WHAT TO DO: Every line of the data below should be repeated exactly, and no picture should be copied.

Segment Start: INFORMATION SUPPLIED

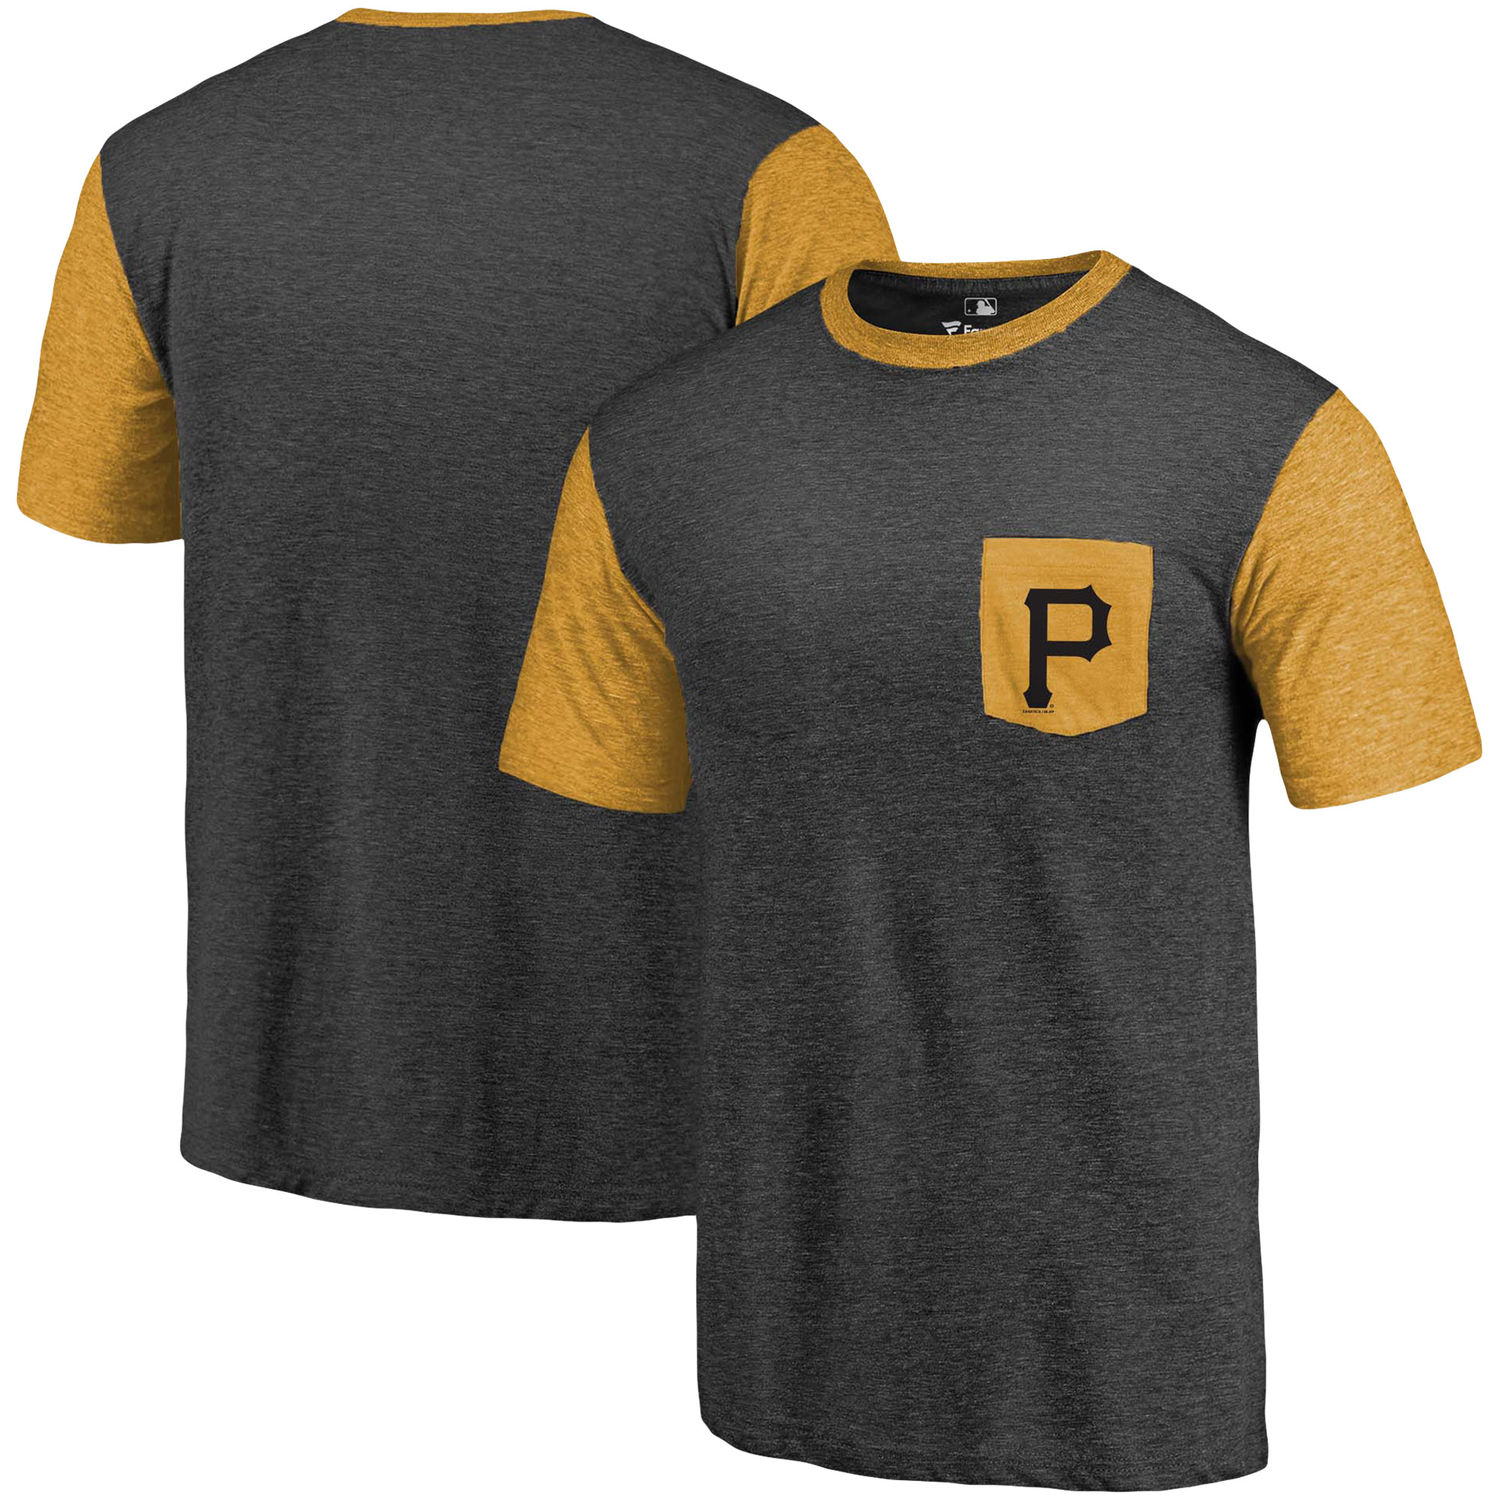 Men's Pittsburgh Pirates Fanatics Branded Black-Gold Refresh Pocket T-Shirt
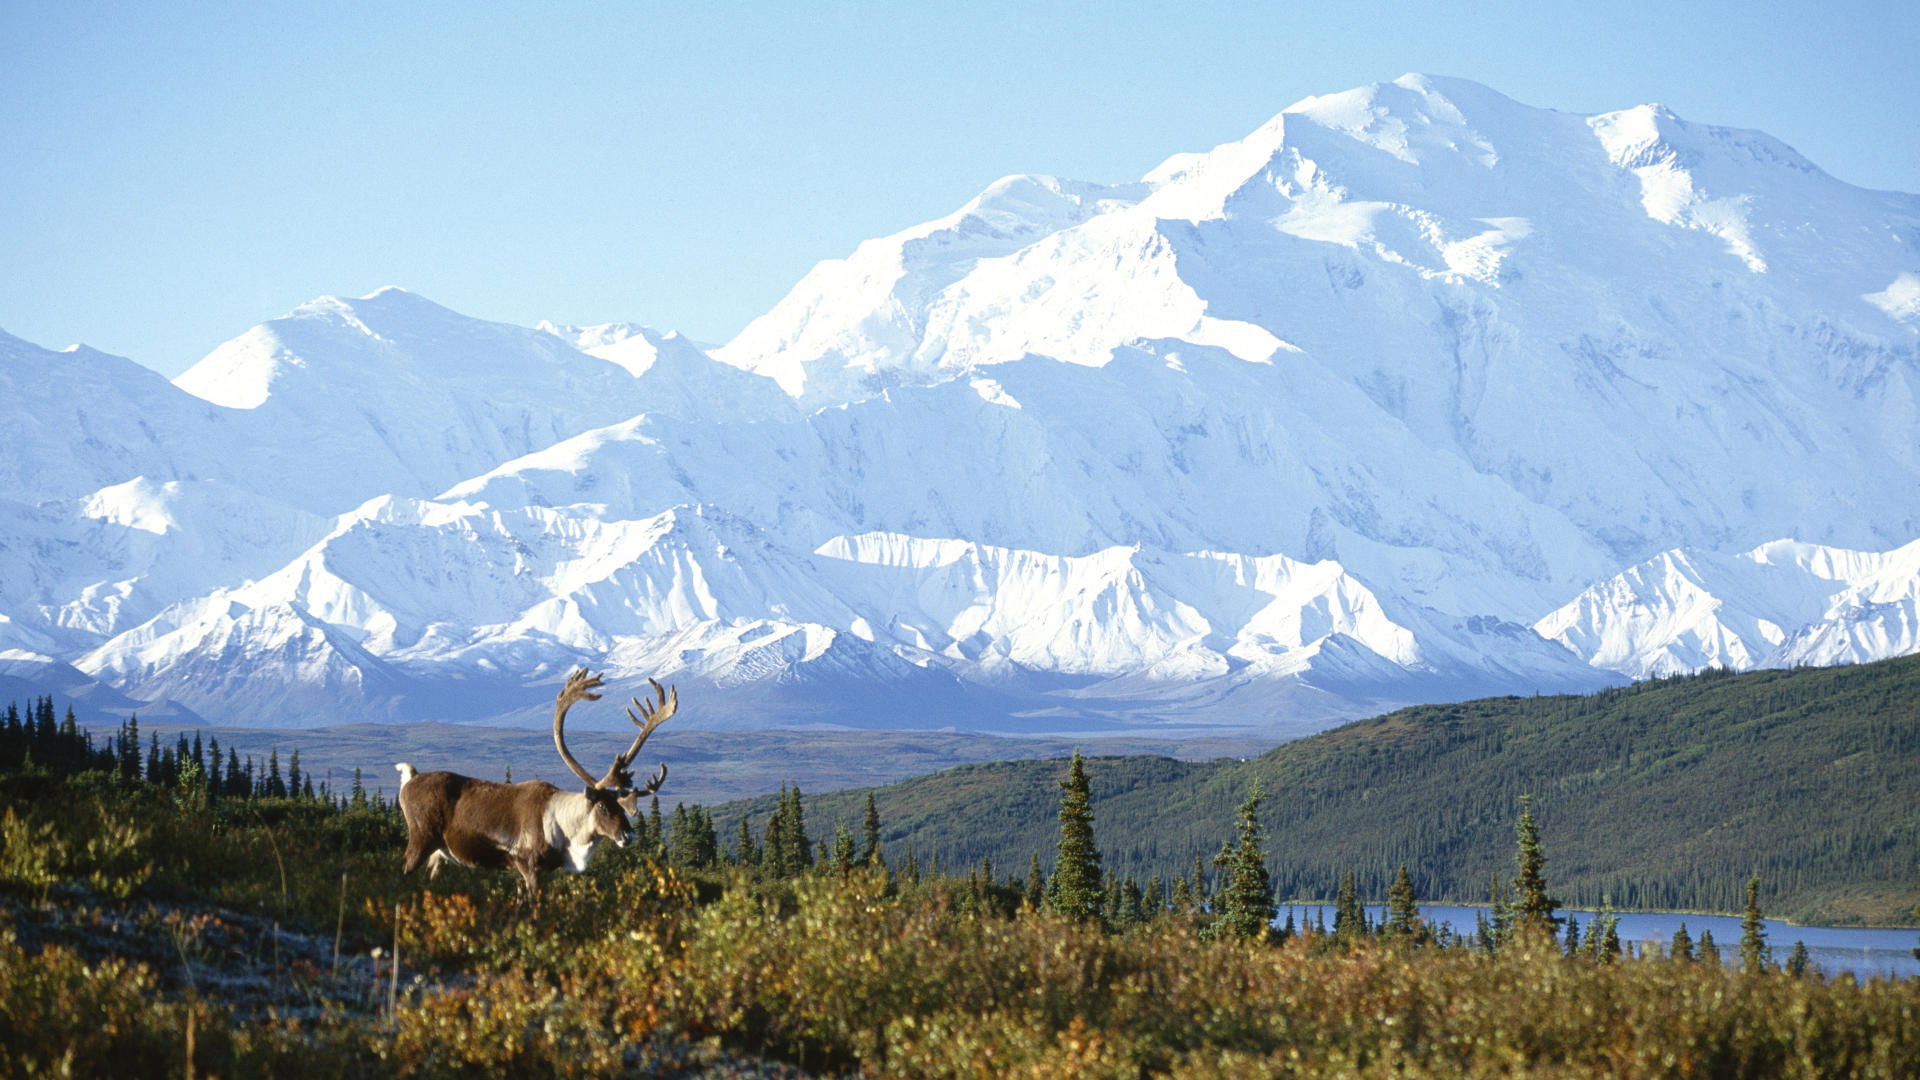 Alaska Cool Background And Wallpaper For Your Desktop
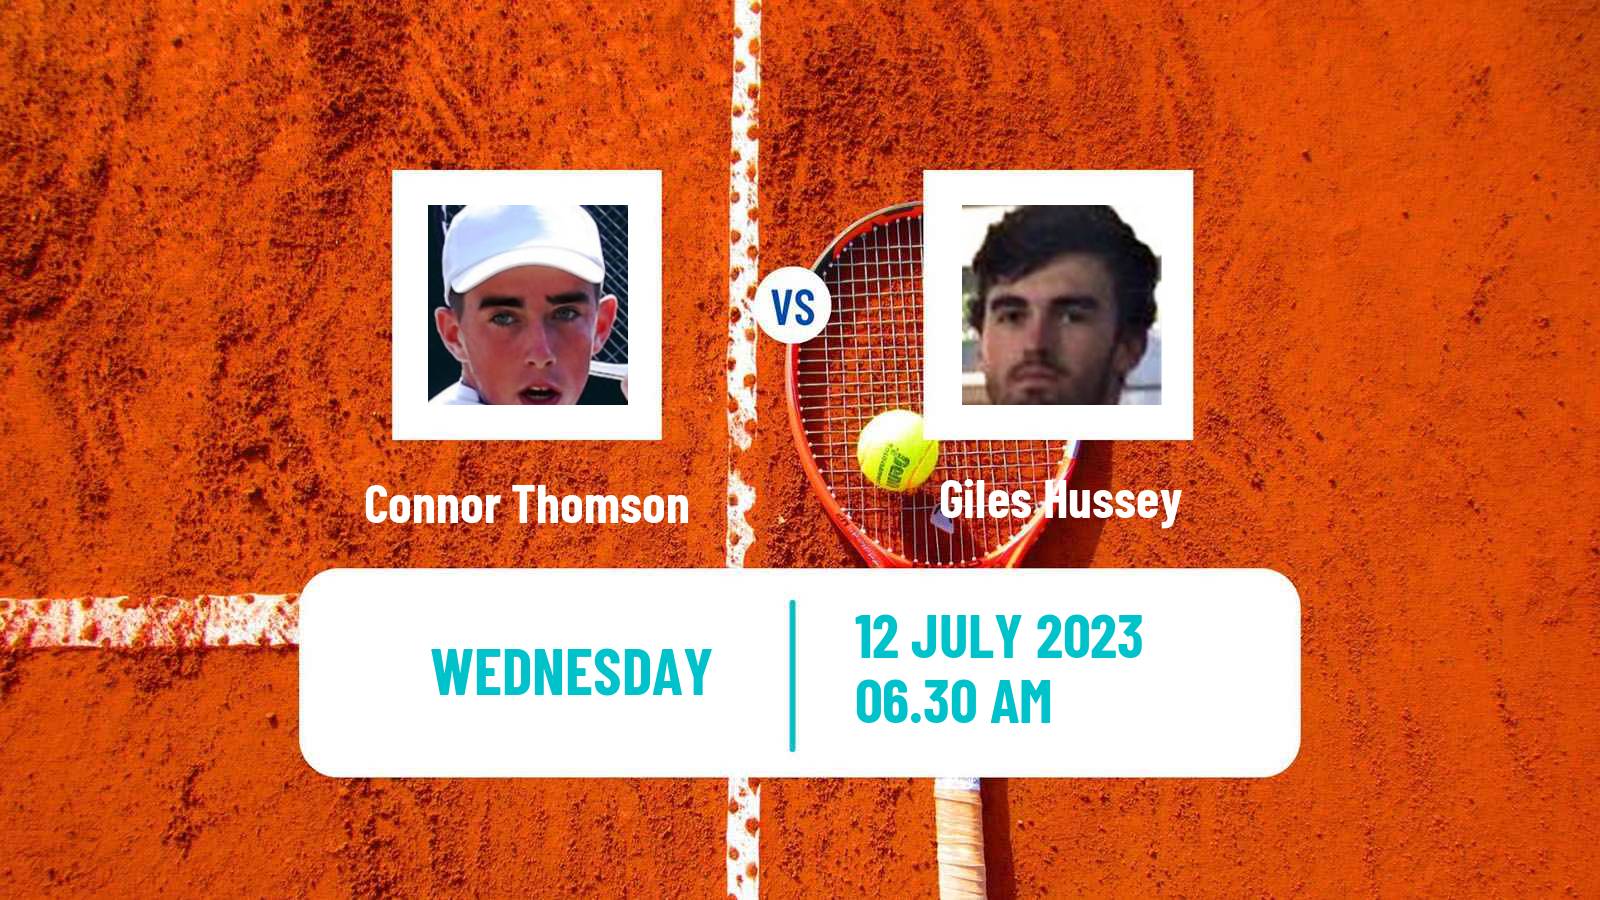 Tennis ITF M25 Nottingham 4 Men Connor Thomson - Giles Hussey
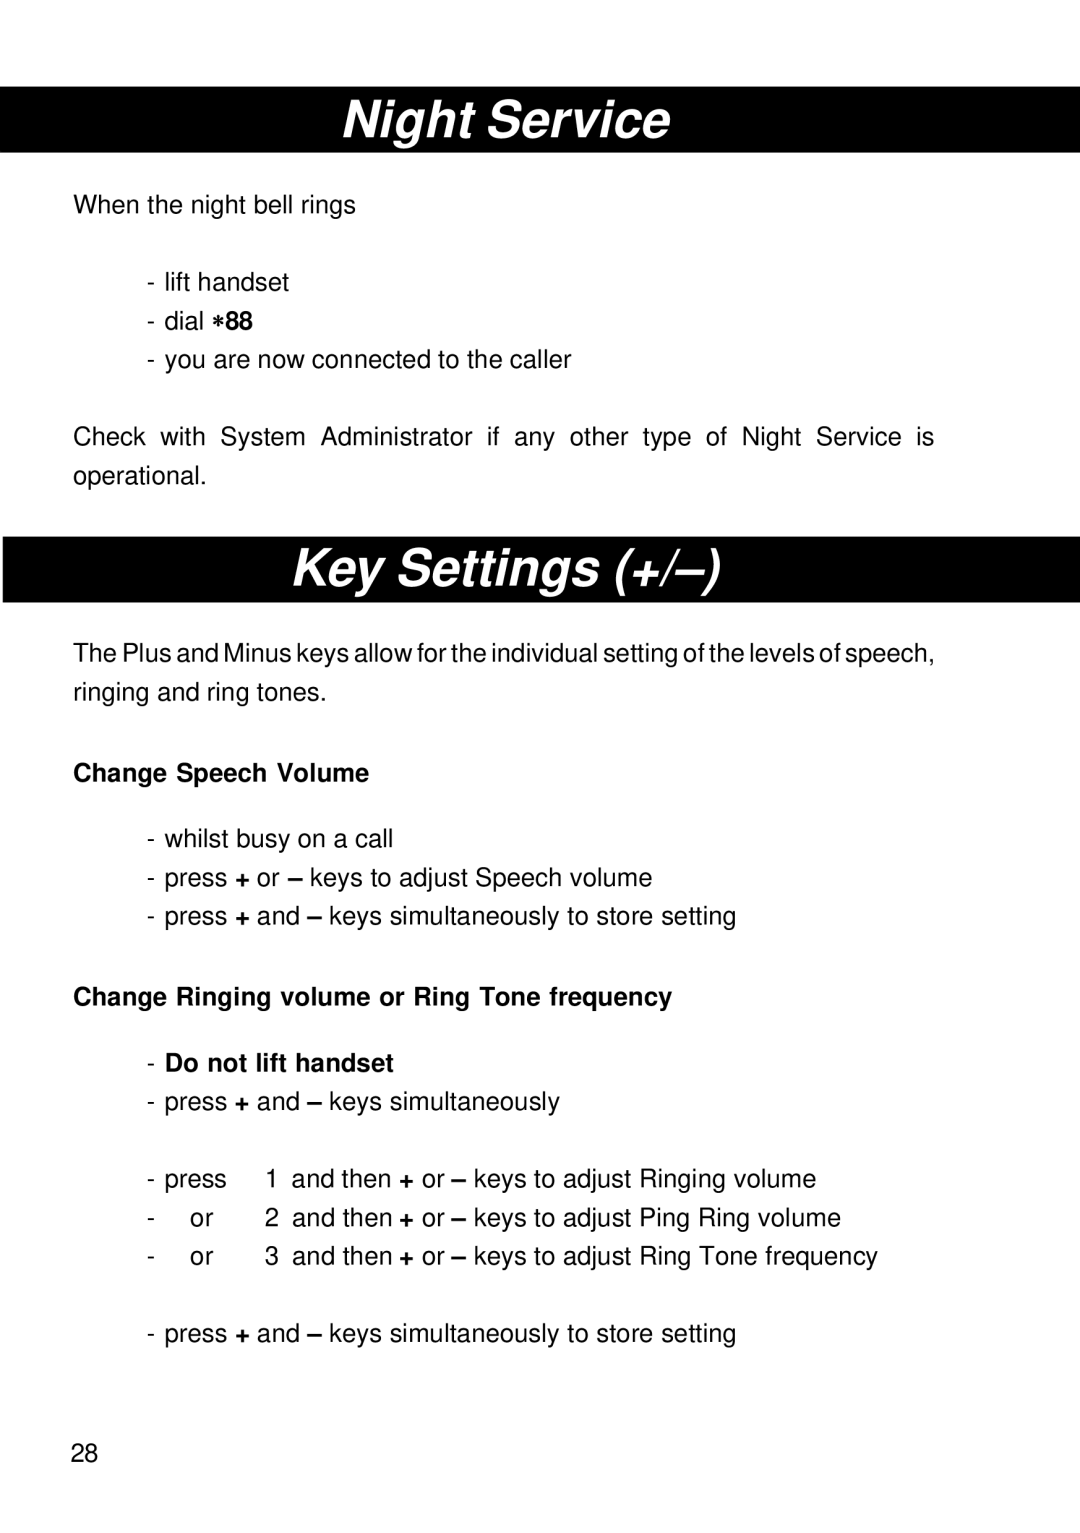 Siemens 300 operating instructions Night Service, Key Settings +, Change Speech Volume

Segment End: INFORMATION SUPPLIED

EXPECTED OUTPUT:
 Men's Pittsburgh Pirates Fanatics Branded Black-Gold Refresh Pocket T-Shirt
 Alaska Cool Background And Wallpaper For Your Desktop
 Tennis ITF M25 Nottingham 4 Men Connor Thomson - Giles Hussey
 Siemens 300 operating instructions Night Service, Key Settings +, Change Speech Volume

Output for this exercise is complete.